**Task objective**.
In the entries that follow, find the line containing "Beige Hollow Out Wooden Round Drop Earrings" and the line containing "Lyst - Michael", then copy exactly everything from the first through the second except the pictures.

**Available data**.

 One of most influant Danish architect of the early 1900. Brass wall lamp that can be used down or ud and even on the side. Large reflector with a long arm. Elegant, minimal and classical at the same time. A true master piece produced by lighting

---

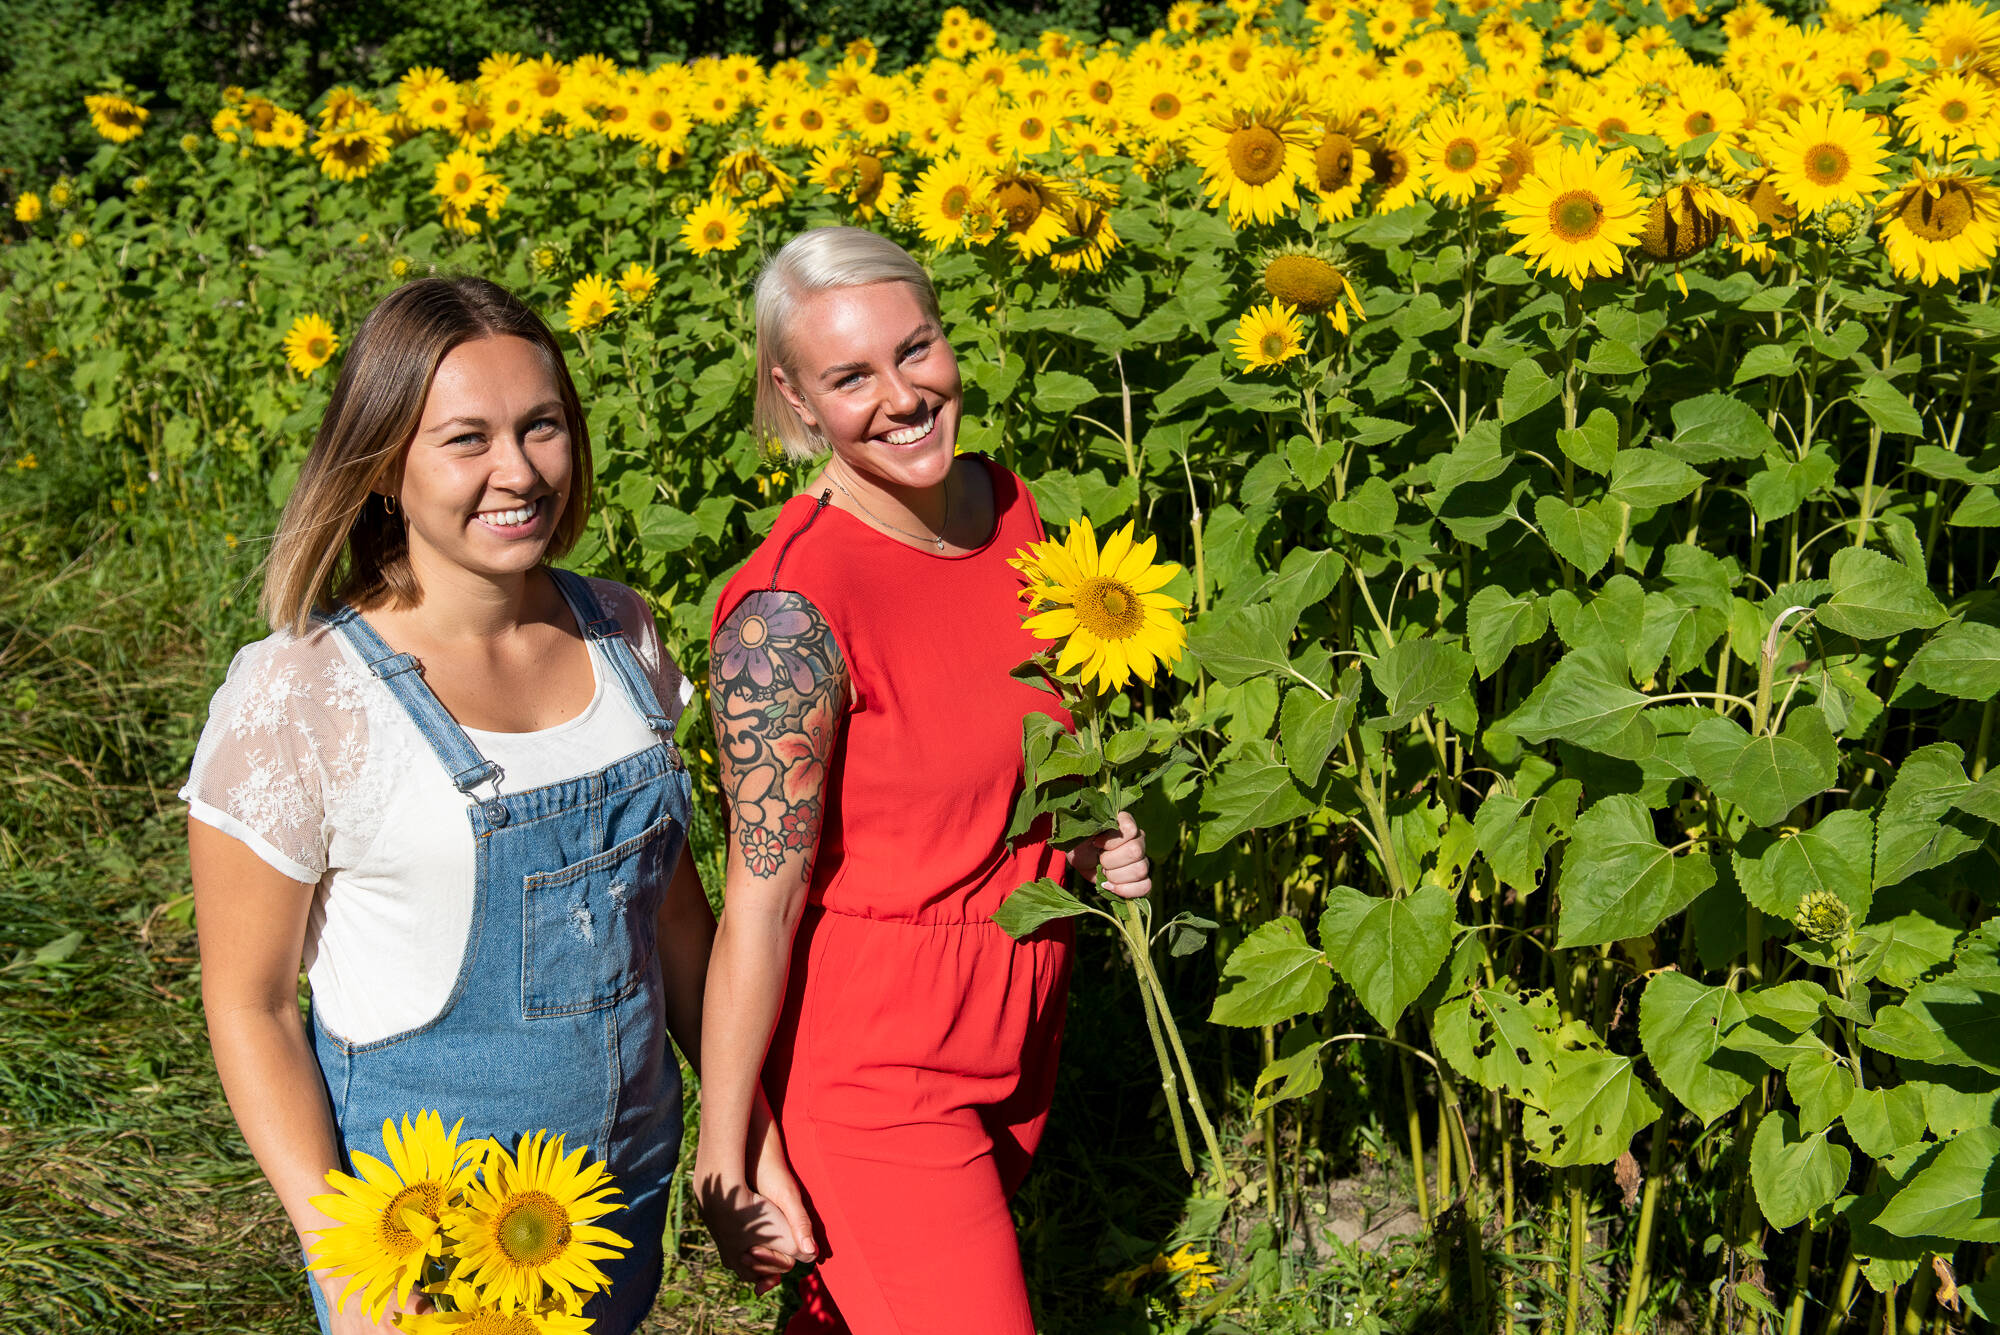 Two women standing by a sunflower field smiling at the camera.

--

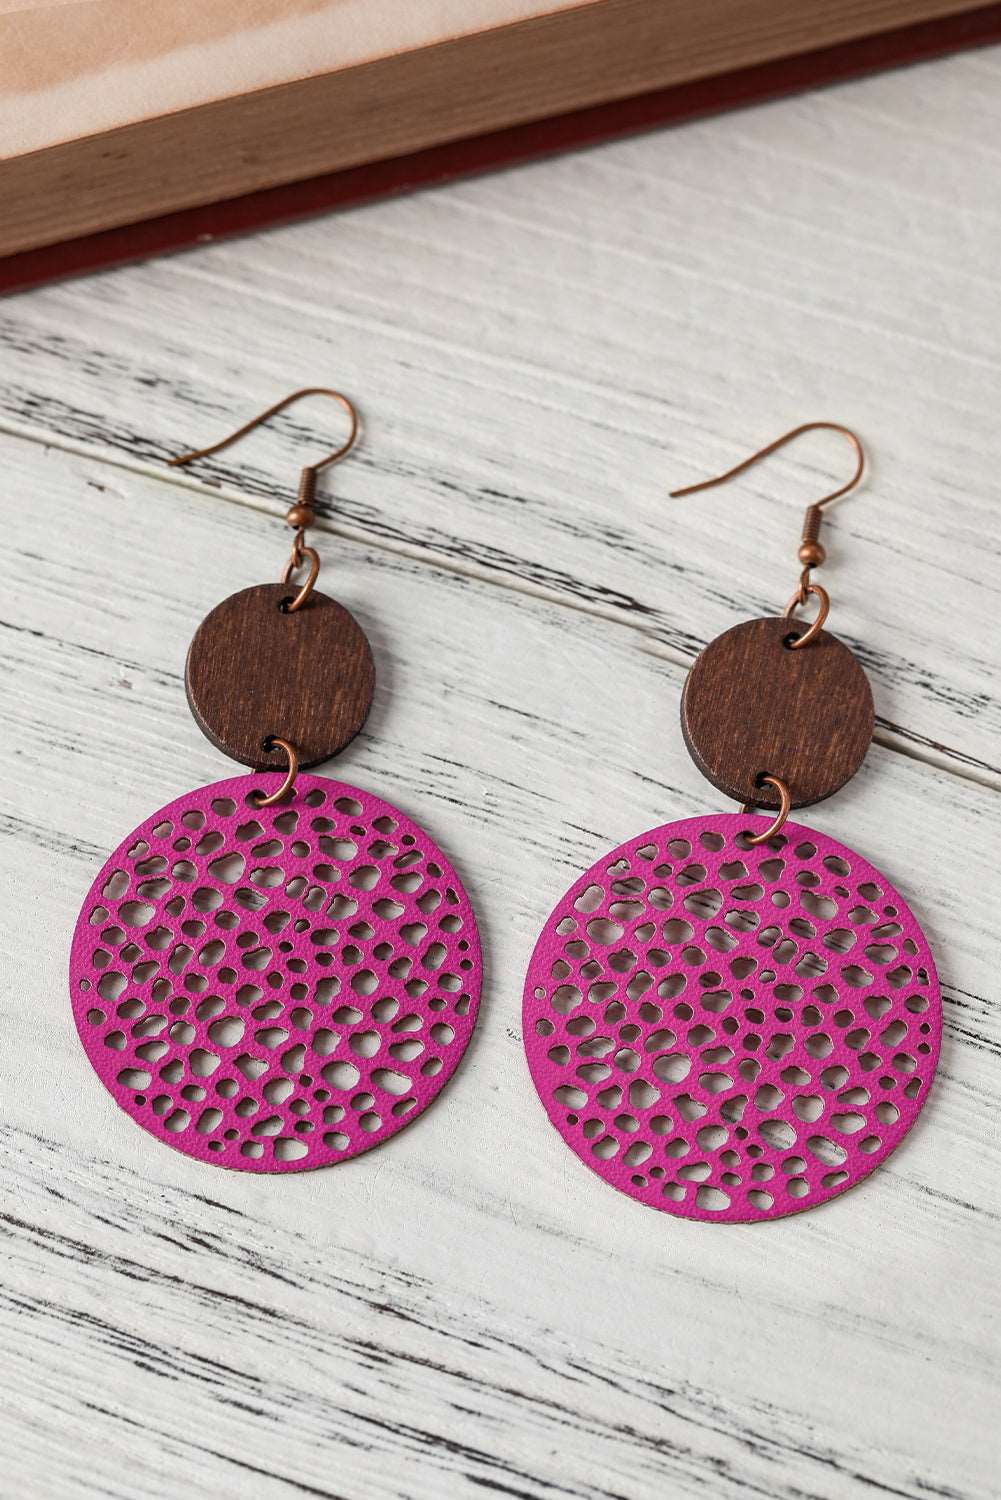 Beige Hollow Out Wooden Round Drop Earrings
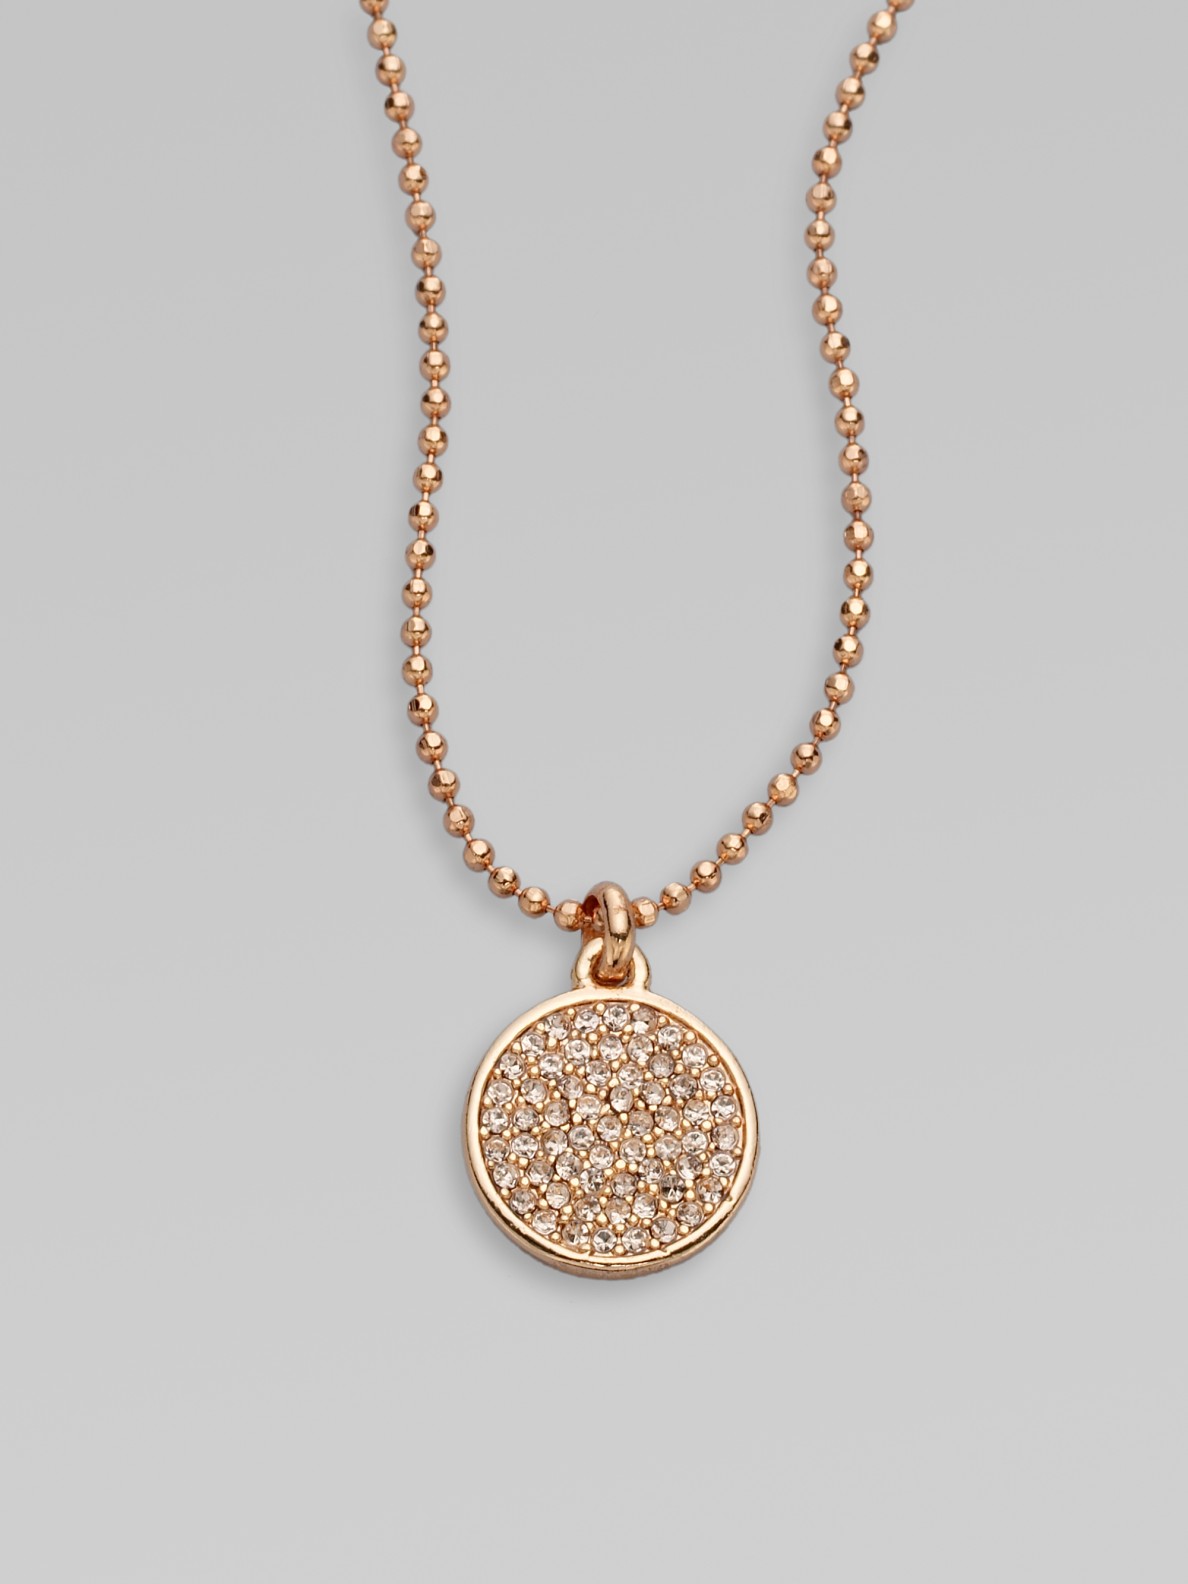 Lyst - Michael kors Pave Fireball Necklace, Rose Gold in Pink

**The answer**.
 Beige Hollow Out Wooden Round Drop Earrings
 Lyst - Michael kors Pave Fireball Necklace, Rose Gold in Pink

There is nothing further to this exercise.